Introduction

Esophageal cancer is a highly malignant gastrointestinal cancer that readily progresses to widespread metastasis to lymph nodes and easily infiltrates the trachea and great vessels1. Better treatment outcomes of esophageal cancer have been obtained by improved diagnostic technologies such as dye-spraying endoscopy2, surgical skills such as three-field lymphadenectomy3, and perioperative management4. Because esophageal cancer is generally more sensitive to anticancer drugs than other gastrointestinal carcinomas, various multidisciplinary treatments have been attempted and chemoradiation has long been established as a standard treatment for esophageal cancer because it is highly effective and can be performed relatively safely5. However, as in the case of surgery, chemoradiation mainly provides localized treatment, and treatment outcomes of cases for which radical surgery is impossible, such as cancer infiltrating into other organs, distant lymph node metastasis and metastasis to other organs, are still poor. In these cases, systemic chemotherapy is usually adopted, and many regimens have been used5, 6.

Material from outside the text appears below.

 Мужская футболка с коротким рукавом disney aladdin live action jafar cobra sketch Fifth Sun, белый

Tumors show heterogeneity of genotype and phenotype, and such heterogeneity in esophageal cancer certainly affected response to cytotoxic agents7, 8, 9. Predictive assays based on thymidylate synthase levels show some promise, but cellular assays have largely been ignored due to low evaluability rates and technical problems which is common in tumor-derived tissue10. However, recent technical developments have produced assays, such as the ATP-tumor chemosensitivity assay (ATP-TCA), which has high availability rates with solid tumors and produces interpretable results in more than 90% of tumors tested11, 12. The results correlated well with outcome in patients with a sensitivity of 95% for predicting those who responded to primary treatment of stage III ovarian cancer13. The use of this assay was shown to double progression-free survival and overall survival in a case-control intervention study in recurrent ovarian carcinoma14.

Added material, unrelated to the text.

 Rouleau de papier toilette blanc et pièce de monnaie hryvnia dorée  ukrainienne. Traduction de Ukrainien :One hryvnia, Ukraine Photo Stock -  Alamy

We performed this study to determine the degree of heterogeneity of chemosensitivity in esophageal cancer as a prelude to studies of the molecular basis of resistance in tumor-derived cells and the potential use of this assay to guide therapy. We also wanted to solve the ATP-TCA technical problems, particularly the use of tumor material from different origins.

Materials and methods

All procedures complied with the ethical guidelines for the collect of human tissue specimens and use of laboratory study at Zhejiang Province Cancer Hospital, Zhejiang Cancer Center, China.

Tumor specimens

A total of 42 specimens were studied and 38 of these produced evaluable results (90.5%). Thirty-five samples were from patients undergoing resection of their primary esophageal cancer (of all pathological stages) and three were pleural aspirates in patients with metastatic disease. The median age of the patients was 57 years (range 30–82). Local ethics committee approval was obtained and informed consent gained from all patients. Biopsies were taken from the luminal surface of resection specimens by a pathologist or surgeon, ensuring histopathological diagnosis and staging were not compromised.

ATP-tumor chemosensitivity assay (ATP-TCA)

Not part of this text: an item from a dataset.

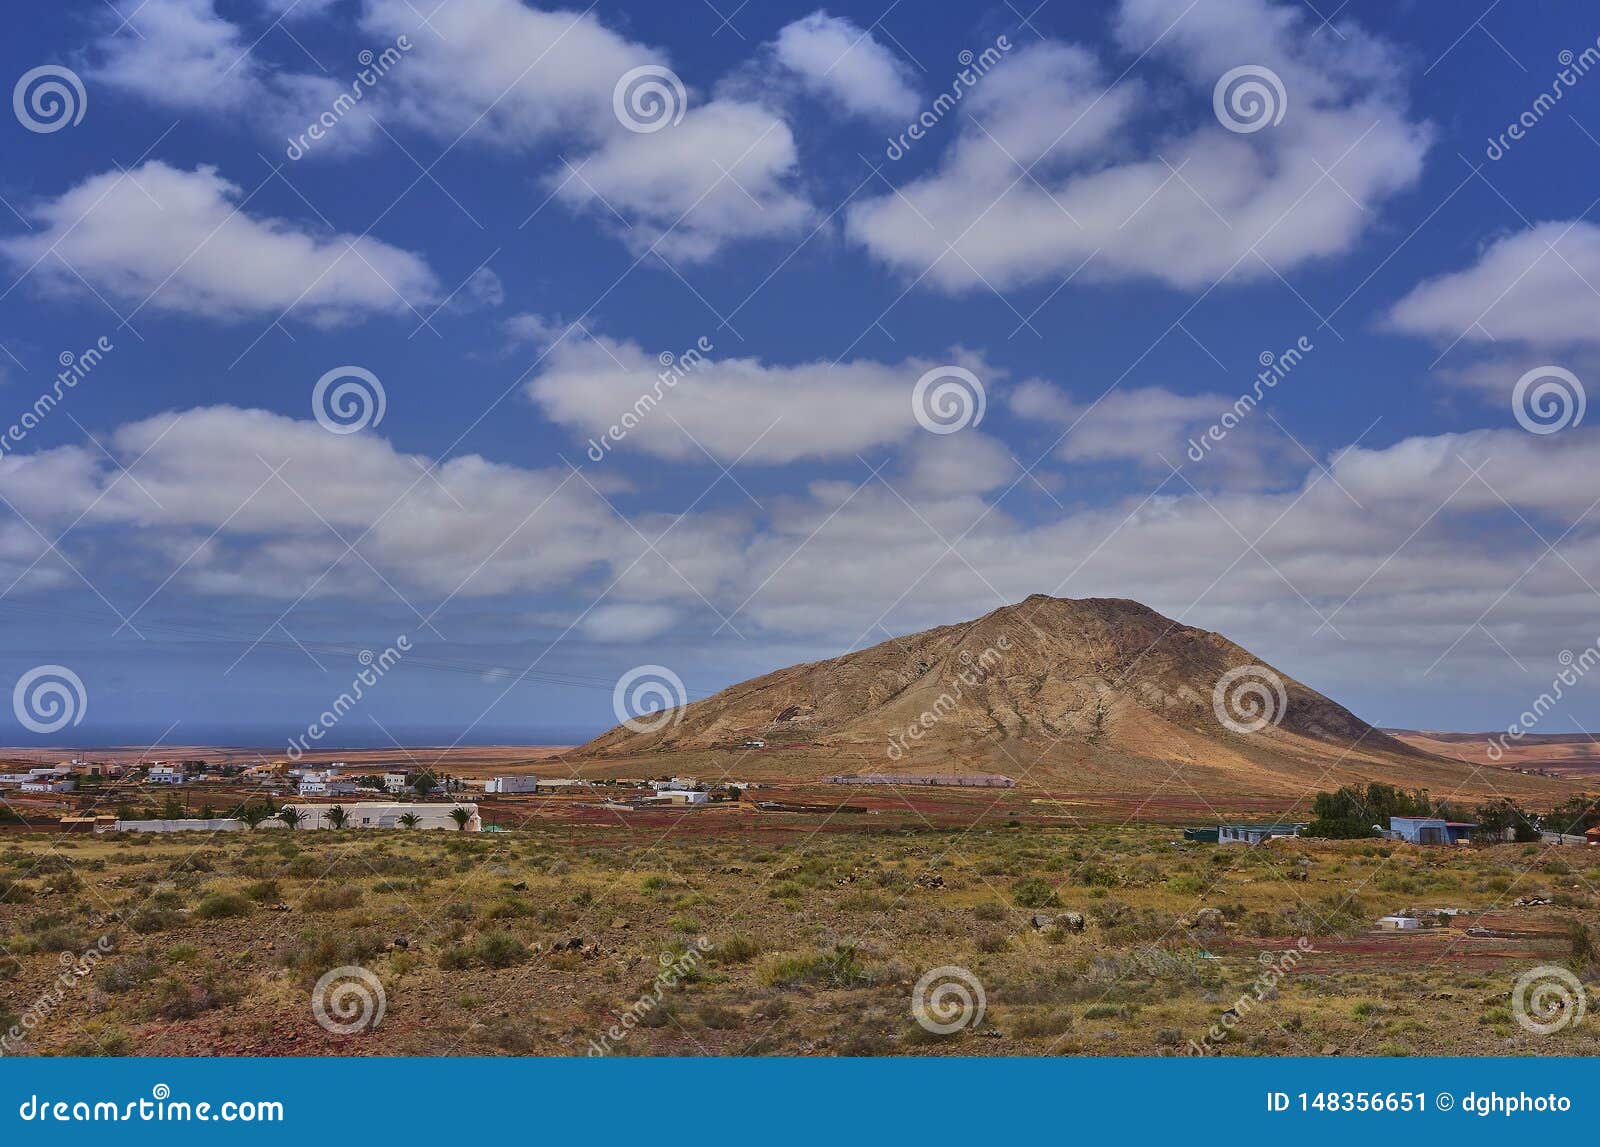 Scenic landscape on the island of fuerteventura in the atlantic ocean. Paisaje hermoso en la isla de Fuerteventura en el Oc?ano Atl?ntico

Chemosensitivity was assessed in primary esophageal cancer tumor tissue samples using the ATP-TCA (TCA-100; DCS Innovative Diagnostik Systeme, Hamburg, Germany), which has been described in detail15. Briefly, surgical biopsies (1–2 cm3) were obtained during primary surgery. Tumor cells were isolated by mechanical and enzymatic dissociation (TDE DCS) (Innovative Diagnostik Systeme; or collagenase, Sigma, St Louis, MO, USA). Approximately 2×104 cells were then seeded into each well of a 96-well polypropylene microplate. Test drug concentrations were used in triplicate at six different doses of 6.25%, 12.5%, 25%, 50%, 100%, and 200% of the test drug concentration (TDC). The TDCs were based on pharmacokinetic data for standard doses of the agents, adjusted to give good discrimination (Table 1). Two rows on each plate were reserved for controls, one row of maximum inhibitor (MI DCS) and one row of CAM only (MO-no drug control). Following preparation of the drug dilutions, 100 μL of the cell suspension was added to each well of the plate. The plate was incubated for 5–6 d at 37 °C with high humidity and 5% CO2. The cells were observed every 24 h microscopically to check for overgrowth or infection. At the end of the incubation period the cells were lysed by the addition of 50 μL of tumour cell extraction reagent (TCER DCS), and the ATP content of each well was assessed by the addition of 50 μL luciferin-luciferase reagent (DCS) to 50 μL of extracted cells. Luminescence measurements were made using Orion II luminometer (Berthold Diagnostic Systems).

Table 1 Drugs tested and their 100% TDC as used in the ex vivo ATP-TCA.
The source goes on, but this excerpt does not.